▶ _Problem statement_
A faithful copy of all the data is required; pictures should not be included.

▶ _Data block_
--
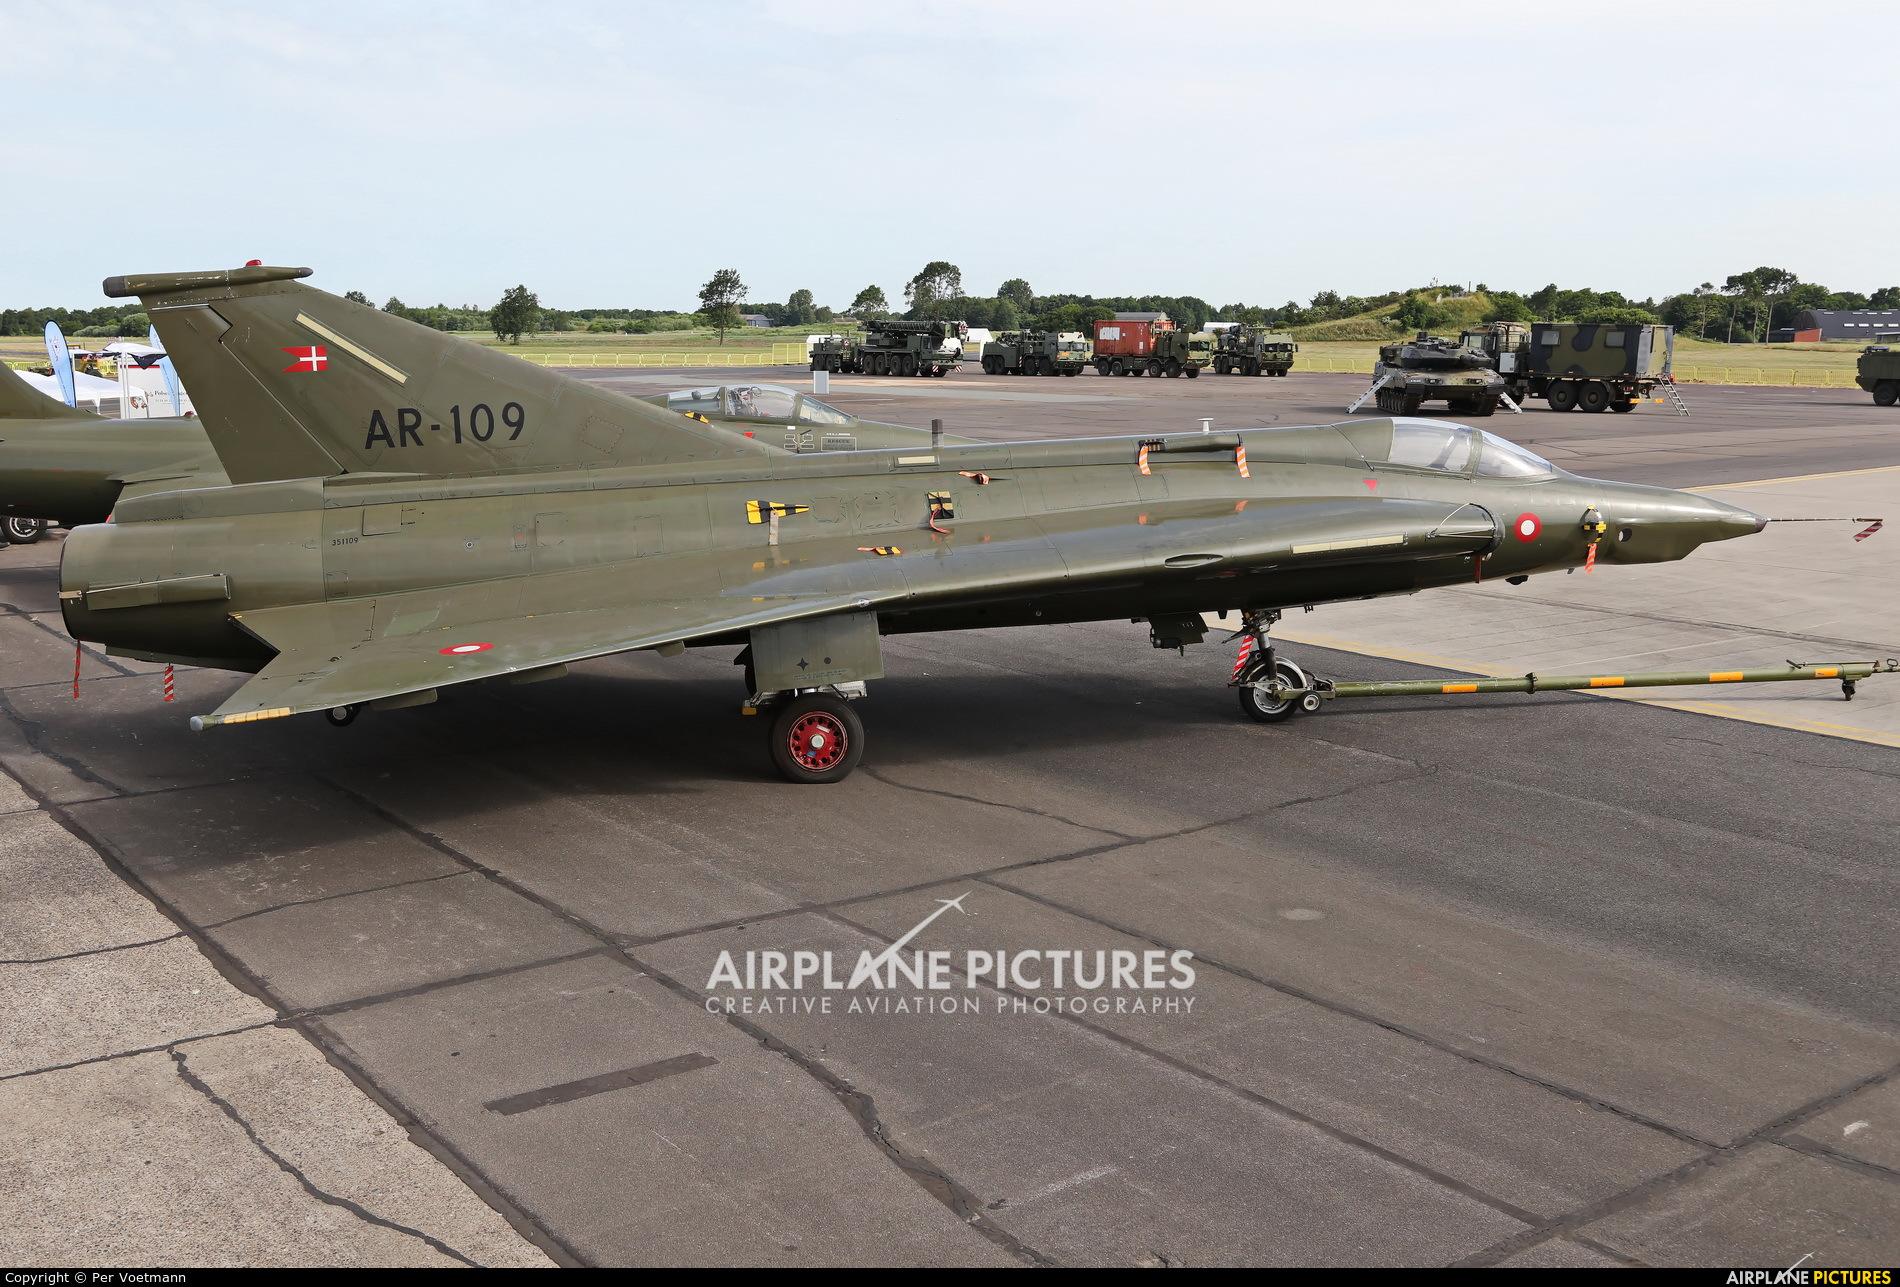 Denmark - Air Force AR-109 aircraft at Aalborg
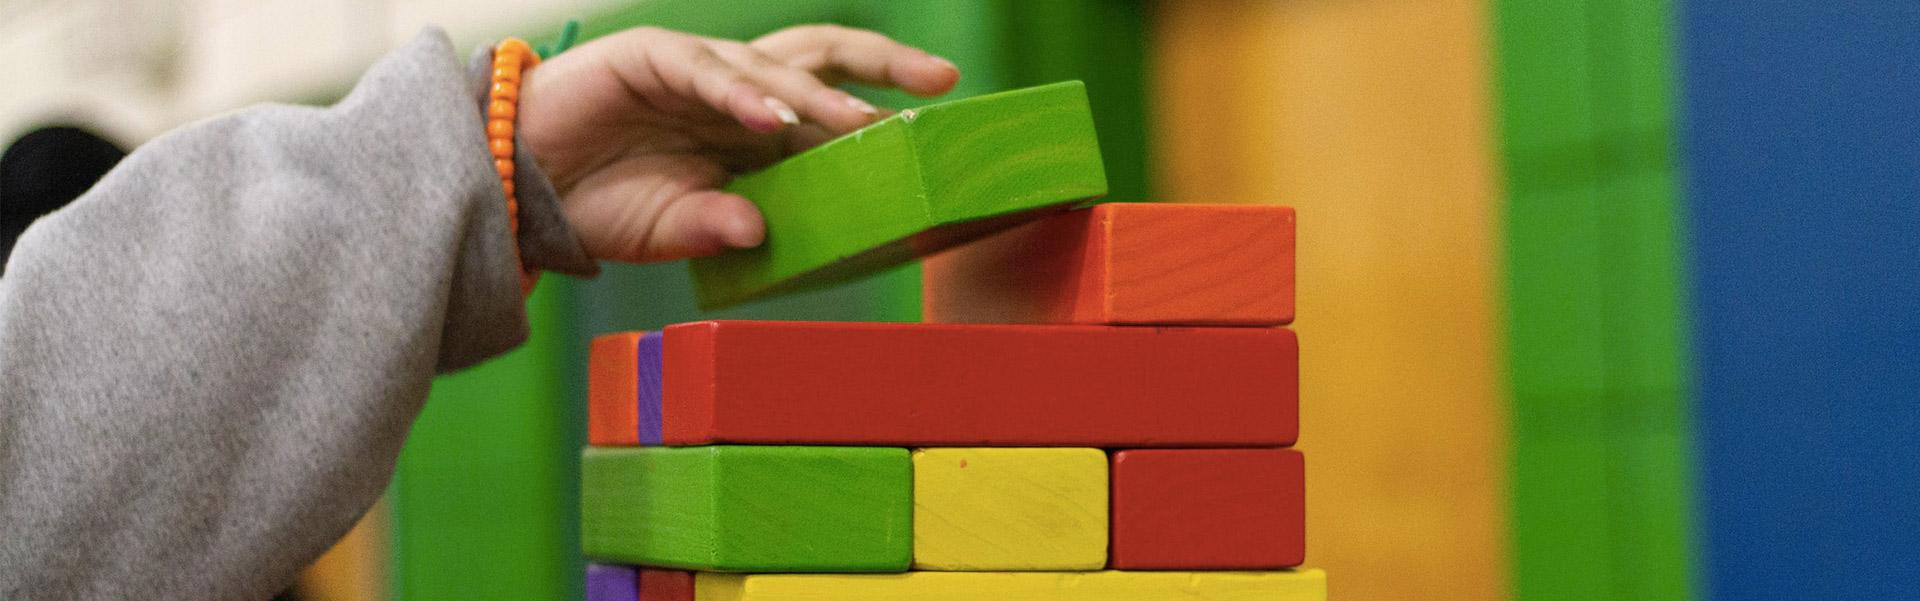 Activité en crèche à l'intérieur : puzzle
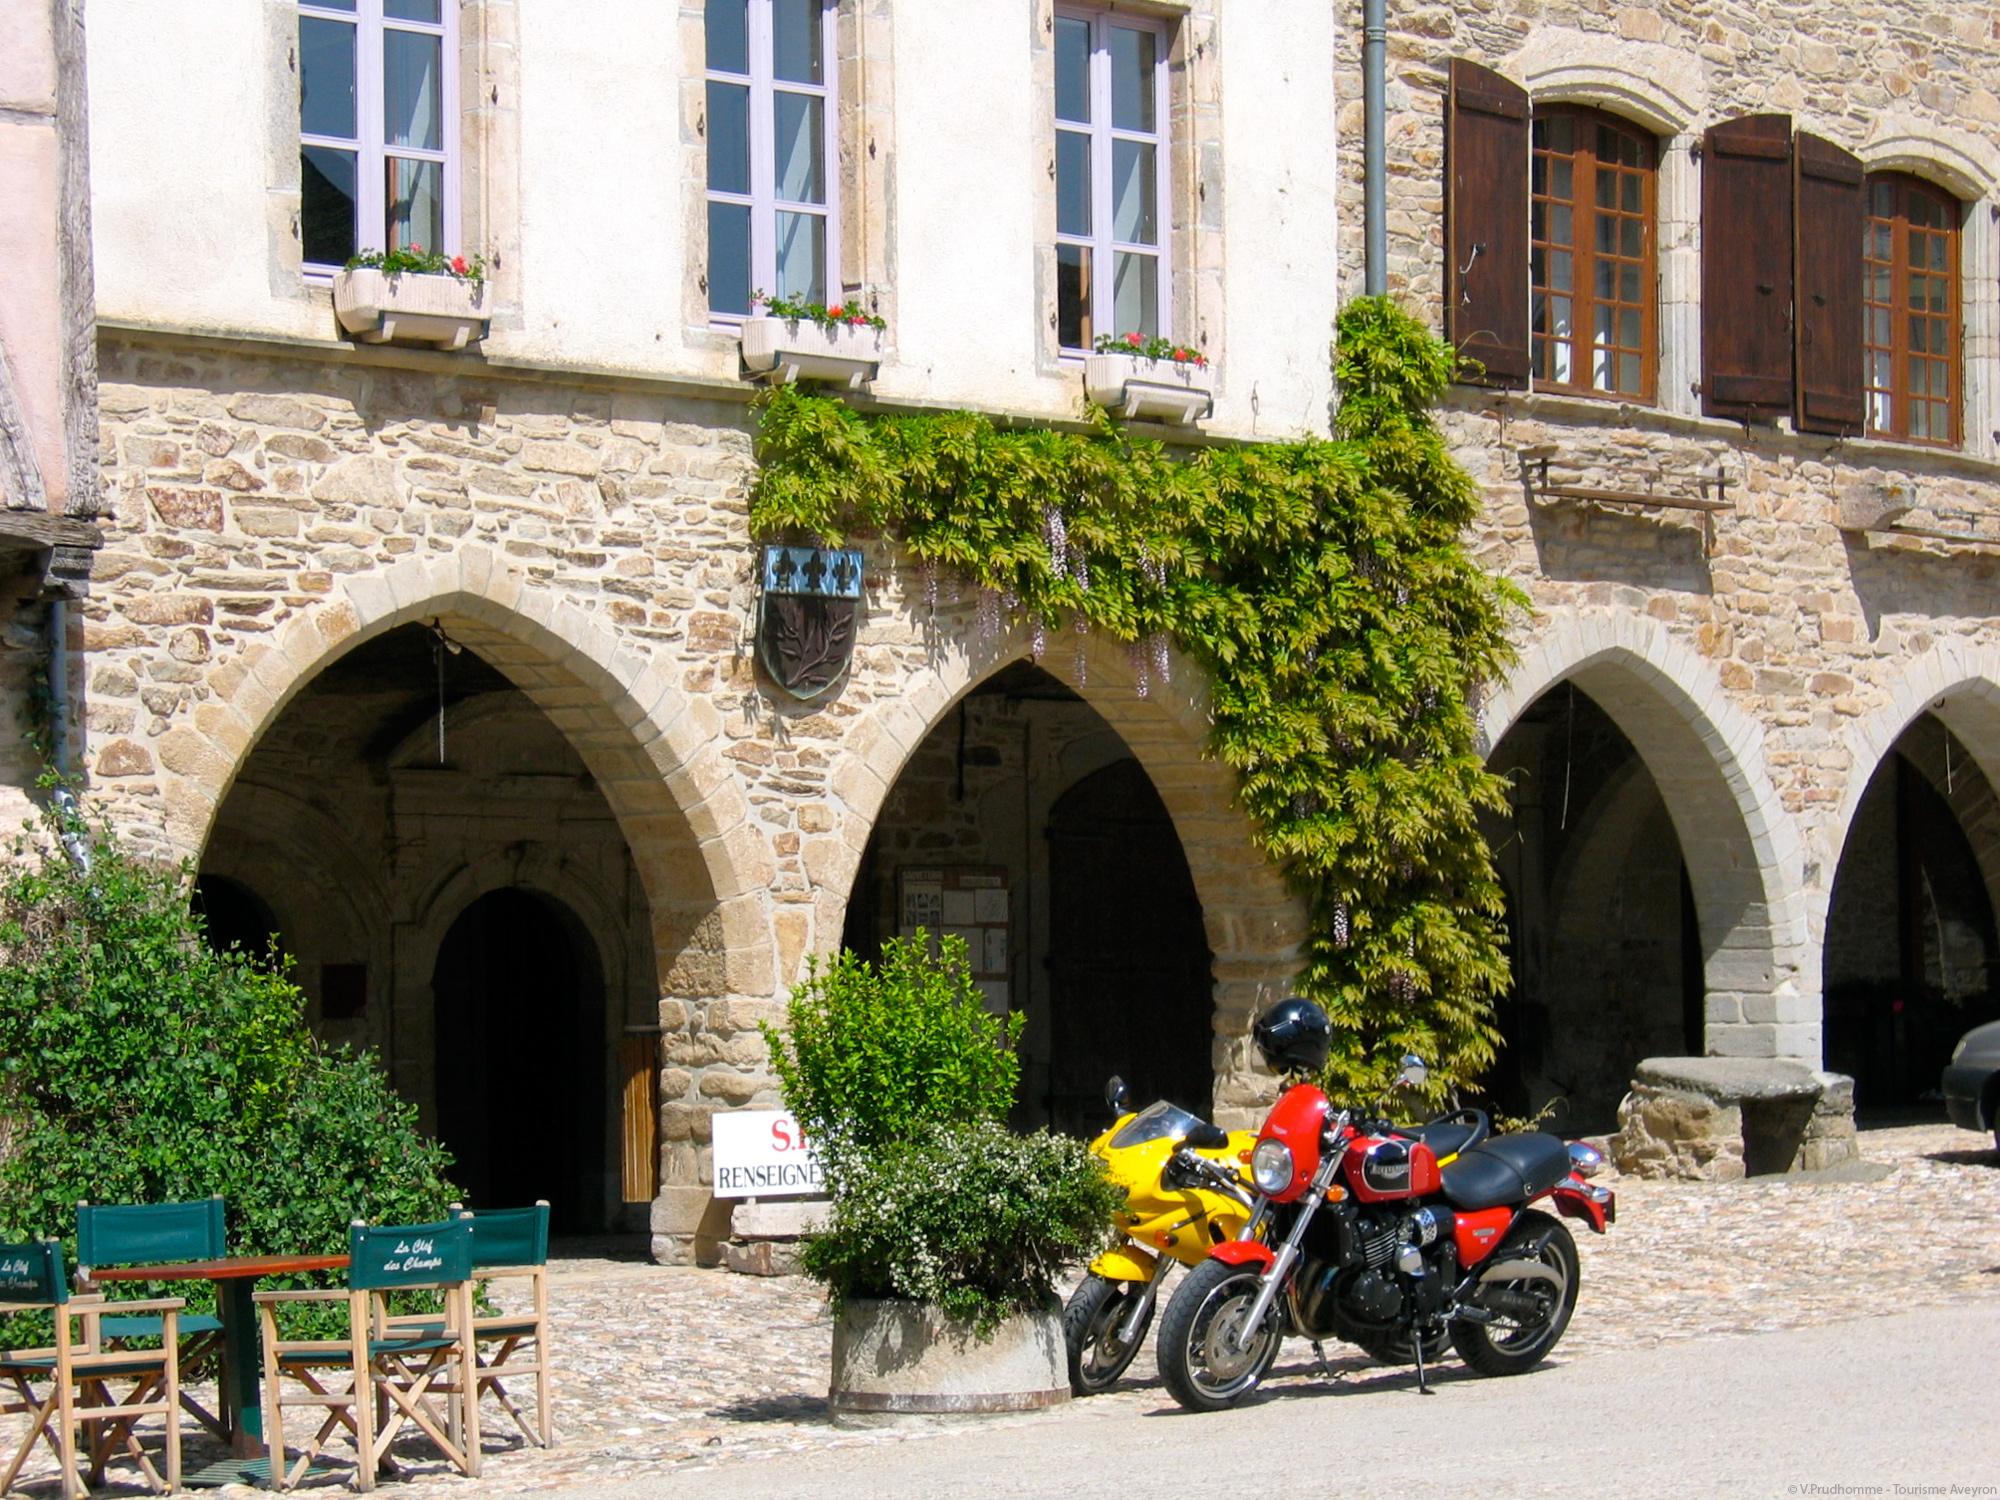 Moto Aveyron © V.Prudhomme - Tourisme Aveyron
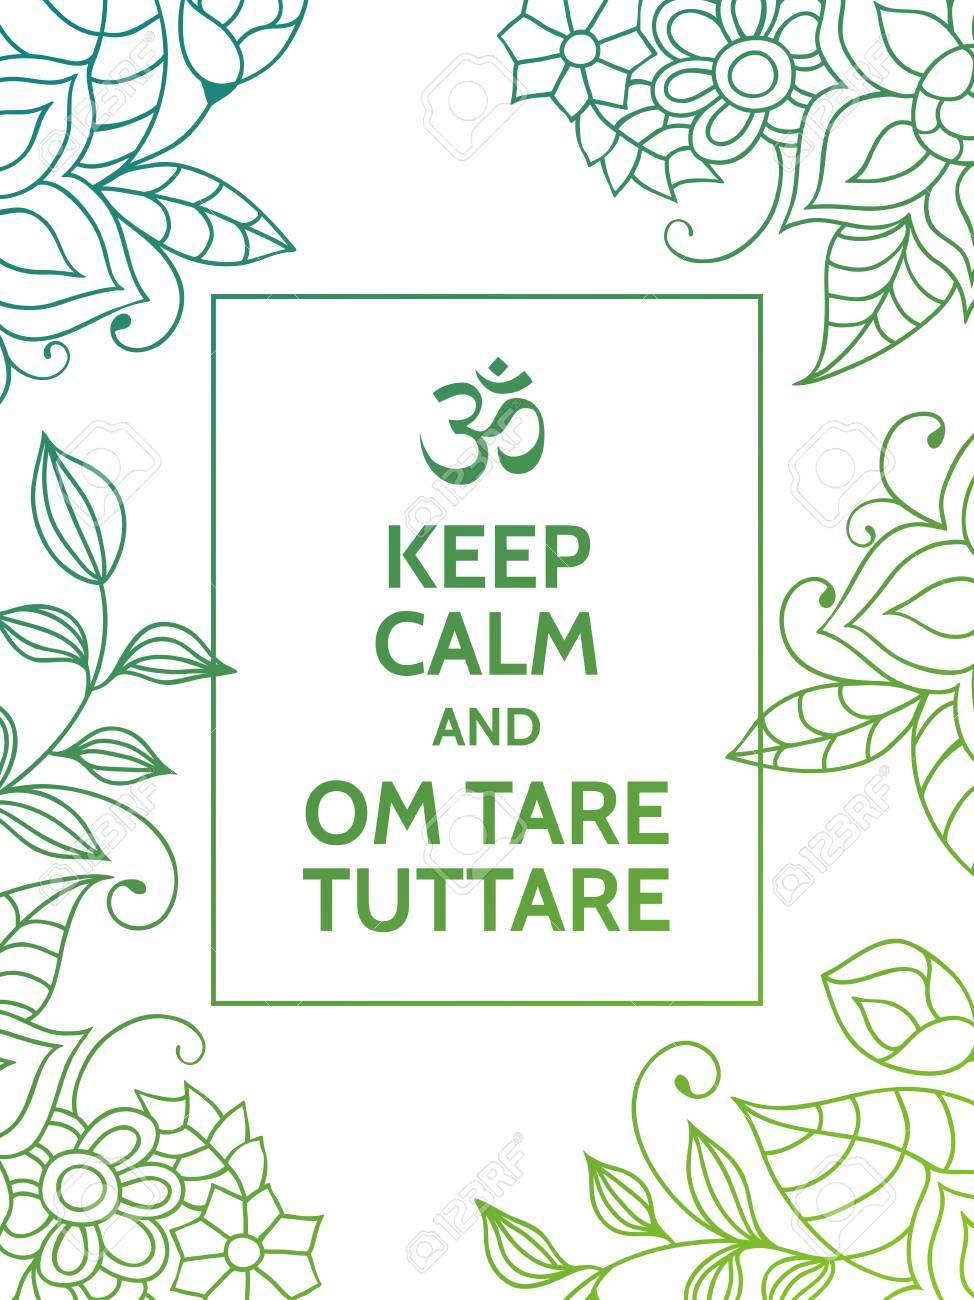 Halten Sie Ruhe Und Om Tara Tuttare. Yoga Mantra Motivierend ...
--
▶ _Exercise output_
 Denmark - Air Force AR-109 aircraft at Aalborg
 Activité en crèche à l'intérieur : puzzle
 Moto Aveyron © V.Prudhomme - Tourisme Aveyron
 Halten Sie Ruhe Und Om Tara Tuttare. Yoga Mantra Motivierend ...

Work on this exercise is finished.